Au moment où ce fut à mon tour de parler, j'ai tenté d'exprimer ce que je ressentais. Mon agacement aussi devant ses apparitions publicitaires, son côté British, l'affectation avec laquelle il me semblait cultiver son personnage en même temps ironique, décalé et à la longue prévisible. MOF, avec la liberté qu'il nous laisse, a paru un peu étonné devant ma critique même si j'avais reconnu le grand talent de l'acteur.

Les jours qui ont suivi, on a appris qu'il ne s'agissait pas d'une retraite parce que les médias avaient mal interprété ses propos.

J'éprouvais comme un malaise minuscule mais lancinant devant la réaction que j'avais eue et je détestais cette impression de m'être laissé gouverner par une humeur aigre sans véritable cause ni justification. Autour de moi, Jean Rochefort recueillait tous les suffrages et ce consensus n'était pas loin de me déstabiliser encore davantage.

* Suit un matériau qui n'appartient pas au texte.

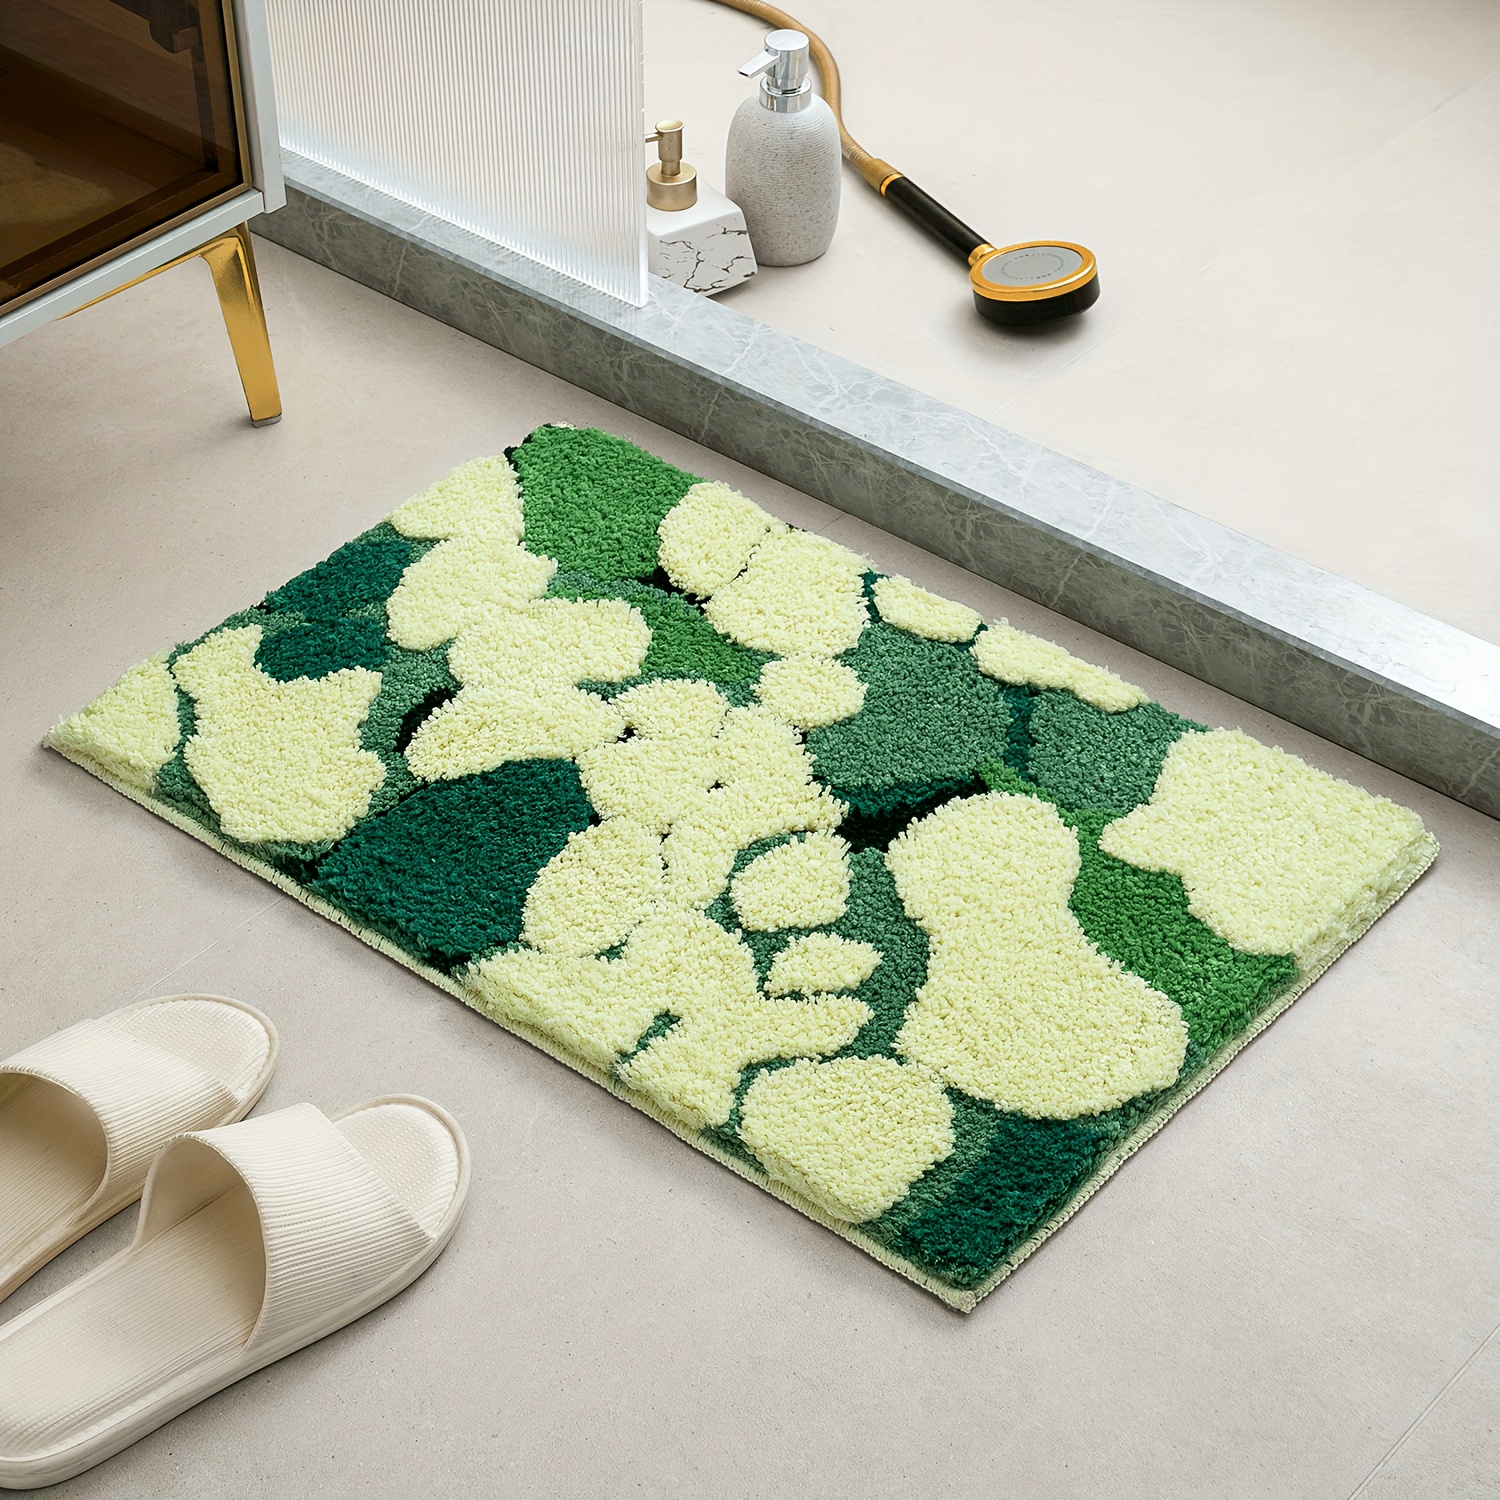 Cute Cartoon Design Floor Mat, Soft Plush Bath Rug, Machine

Cette remise en cause jamais agréable à faire a connu son apogée - avec l'aveu intime d'une totale erreur de perception de ma part, ayant pris l'accessoire pour l'essentiel - quand j'ai lu son beau portrait par Jean-Pierre Lacomme qui a bien et beaucoup fait parler Jean Rochefort (Le Journal du Dimanche).

La nostalgie aussi s'en était mêlée avec l'omniprésence, dans ma mémoire, de son rôle dans Cartouche aux côtés de son ami Jean-Paul Belmondo. D'autres films, plus récents, auraient mérité de m'occuper l'esprit mais on croit se souvenir d'oeuvres alors qu'on se penche sur sa jeunesse et que c'est doux bien plus qu'amer !

Ce qui m'a touché au-delà de tout dans ce "Jean Rochefort par lui-même" en quelque sorte tient d'abord à la profondeur, à la finesse et au caractère universel de ses réflexions, notamment sur la mort et sur sa passion de l'échec qui, aussi paradoxale qu'elle soit, habite beaucoup plus d'êtres qu'on ne pense. Il y a des dilections tristes qui prennent une place infinie et, en tout cas, telle que le goût du bonheur n'en a plus pour lui.

Surtout, Jean Rochefort raconte une anecdote terrible dont il a été le témoin quand il était âgé de 14 ans, en 1944 :"La première femme nue que j'ai vue était enchaînée, couverte de croix gammées et de crachats... J'envisageais de la sauver, tel Don Quichotte. Bien sûr, je me suis dégonflé".

Il y a tout ce que j'aime dans ce récit : la révolte, la compassion, la lucidité, la dérision à l'égard de soi. Jean Rochefort donc, tout entier déjà.

Mais il manque quelque chose qui est fondamental. Puisque Jean Rochefort va au plus juste, au plus près :"De cette période m'est restée une inquiétude très grande vis-à-vis des hommes en groupe qui risquent de perdre objectivité, tendresse et lucidité... Du coup j'ai choisi de vivre dans la fiction."

Si la vraie vie ne se résume pas à cette scène odieuse et même quand d'autres expériences vous ont marqués, comme je suis accordé à cette menace du collectif sur la personne quand la solitude souvent la sauve en dépit des apparences ! Comme Jean Rochefort, avec cette règle d'existence suscitée par le pire à l'âge de 14 ans, montre que dans le milieu artistique, il est quasiment seul avec son courage et son indifférence à l'esprit convenu !

Sur lui, je me suis trompé énormément.